On Royal street in New Orleans, I opened the past with my own hands.

Paper by paper, the myth began to fracture—and something far more extraordinary emerged in its place.

Truth.

Younger sister Zita (Piroska) danced through World War I as a young girl.

She toured Transylvania while violence gathered like weather around her. She moved to New York City with her older sister, living with her brothers in Hell’s Kitchen. The sisters were soon performing around the city–Harlem in 1924, Coney Island in 1927.

They performed in Shanghai in 1937, as invasion turned the city into a threshold of war.

They returned to Europe in 1939—Berlin, Budapest—moving through a continent on the brink.

History roared.

They danced anyway.

Eventually, the stage shifted. Tucson. Then back to New Orleans.

They aged—but did not stop. And when the world no longer made space for their performances, they made space for themselves.

They built a universe from scraps.

Tin cans became crowns.
Cereal boxes unraveled into fringe.
Shoelaces were dyed, rewoven, reborn.
Cigarette foil curled into pom-poms they sewed onto a red hat or sculpted into jewelry that caught whatever light it could find.

Dresses made from hundreds of fragments, shoes cut apart and reassembled, hats that looked like small celebrations.

They had made stages around the world their home, now their home became a stage.

They created a makeshift stage in their living room and photographed each other—dressed in their inventions, surrounded by their former selves, layered in time.

They were described as “ecstatic artists,” their elegant dresses as “ragamuffin chanel.”

It seemed joy itself had refused to abandon them.

And they had refused to abandon joy.

We found them again at the end.

Side by side in the pauper’s section of Hebrew Rest Cemetery.

No spectacle. No applause. Just earth.

We brought stones.

Then others came.

And something began to happen.

Glittered stones. Tiny shoes. Music in the graveyard. A 1920s band threading melody through the air. Voices rising in Kaddish.

A kind of resurrection—not of bodies, but of presence.

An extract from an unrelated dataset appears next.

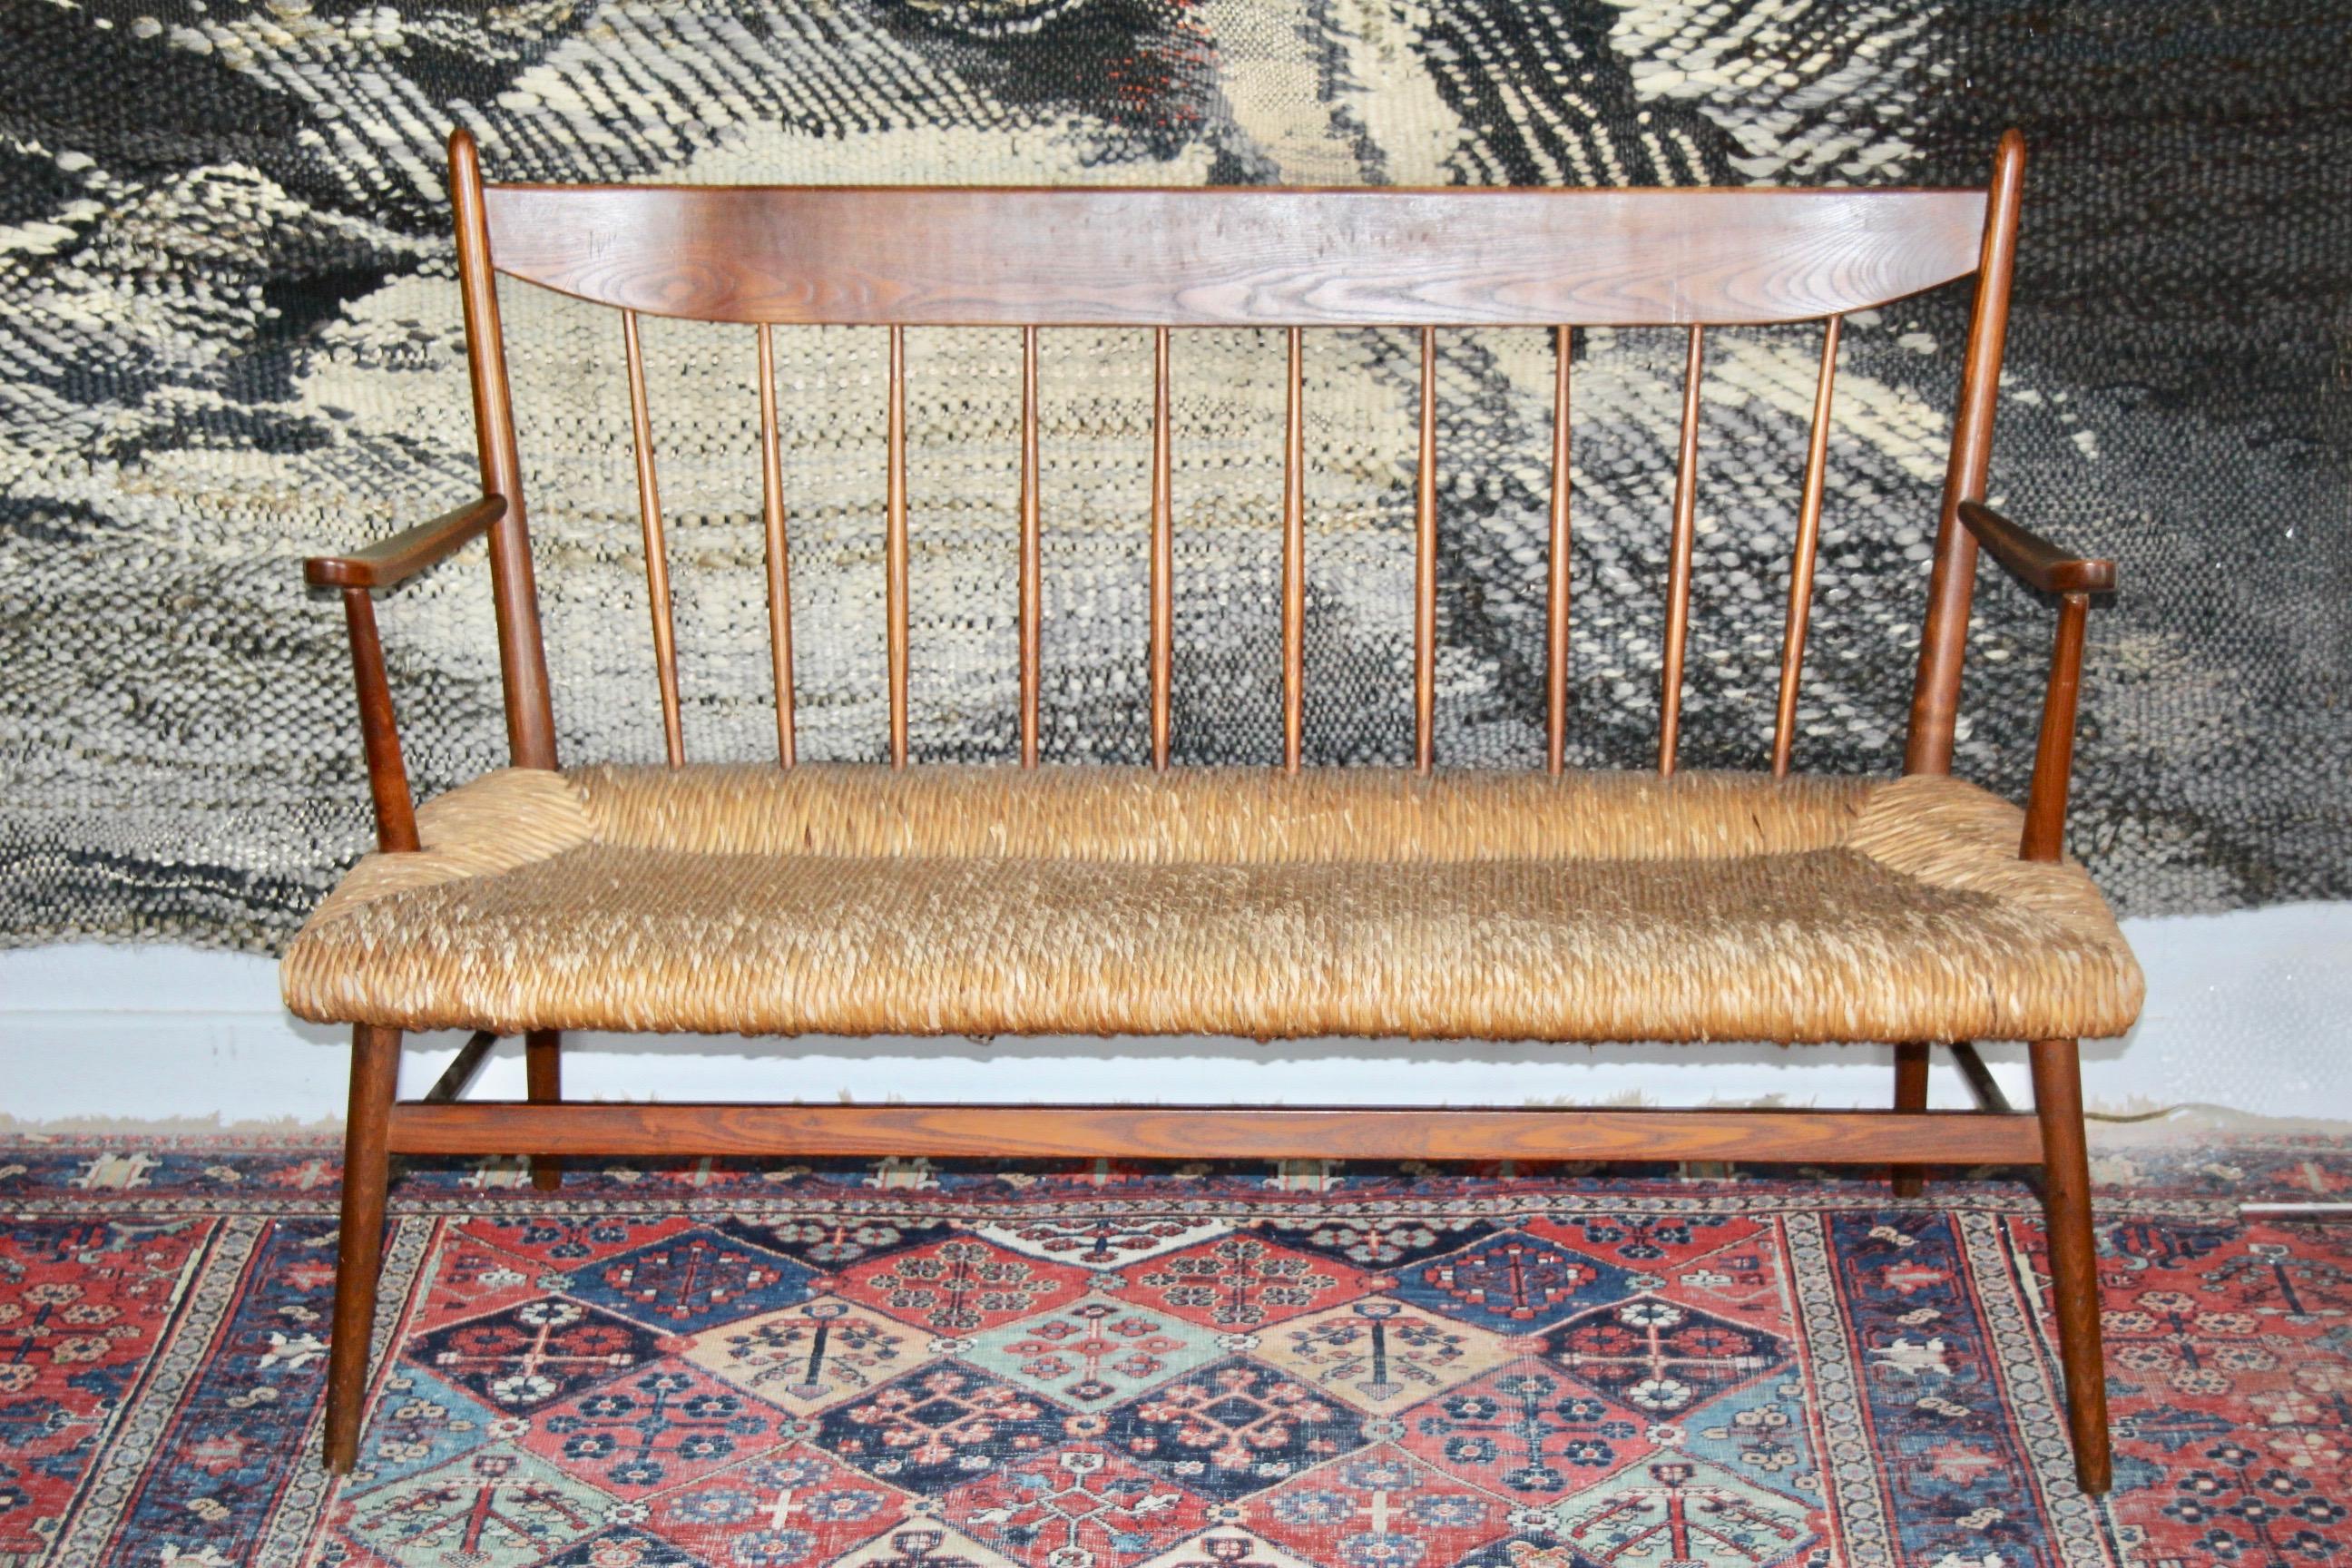 Sofa aus Stroh und Holz im skandinavischen Stil. Kann zwei, wenn nicht sogar drei Personen aufnehmen. Solides und gut ausgeführtes Strohgeflecht.

They were no longer alone.

The film traveled, as they had.

New Orleans. Salem. Hollywood. Santa Fe. Truth or Consequences. Nice. Romania. Beyond.

Sold-out rooms. Feathered audiences. Sequins flickering in the dark.

People wrote to us afterward—not to comment, but to confess:

They went home and made something.

As if the sisters had reached through time again.

As if the current was still live.

And then—we went back to the beginning.

Baia Mare, Romania, formerly known as Nagybanya Hungary… before the war.

Their first landscape.

We stood outside the ruins of Flora’s school, its roof caved in, its silence loud with what used to be.

We imagined her at the window. Looking outward. Not yet knowing the shape of her life—but already feeling its pull.

We walked the cobblestones of Lendvay Street, their one known address there.

We could almost see them—one with a bag of sewing tools, the other turning the street into a rehearsal space, cartwheeling through possibilities.

The town had once been an artist colony—painters arriving from everywhere, filling the air with color, canvas, creativity. The sisters grew up inside that vibrant world.

And then—the synagogue. Locked.

In 1944, the area became a ghetto.

History closed in.

Few came back.

Anaïs Nin wrote, “We do not escape into philosophy, psychology, and art. We go there to restore our shattered selves into whole ones.”

Again and again, the Gellert sisters remade themselves and built their own worlds.

And somehow, in telling their story, I was able to do the same.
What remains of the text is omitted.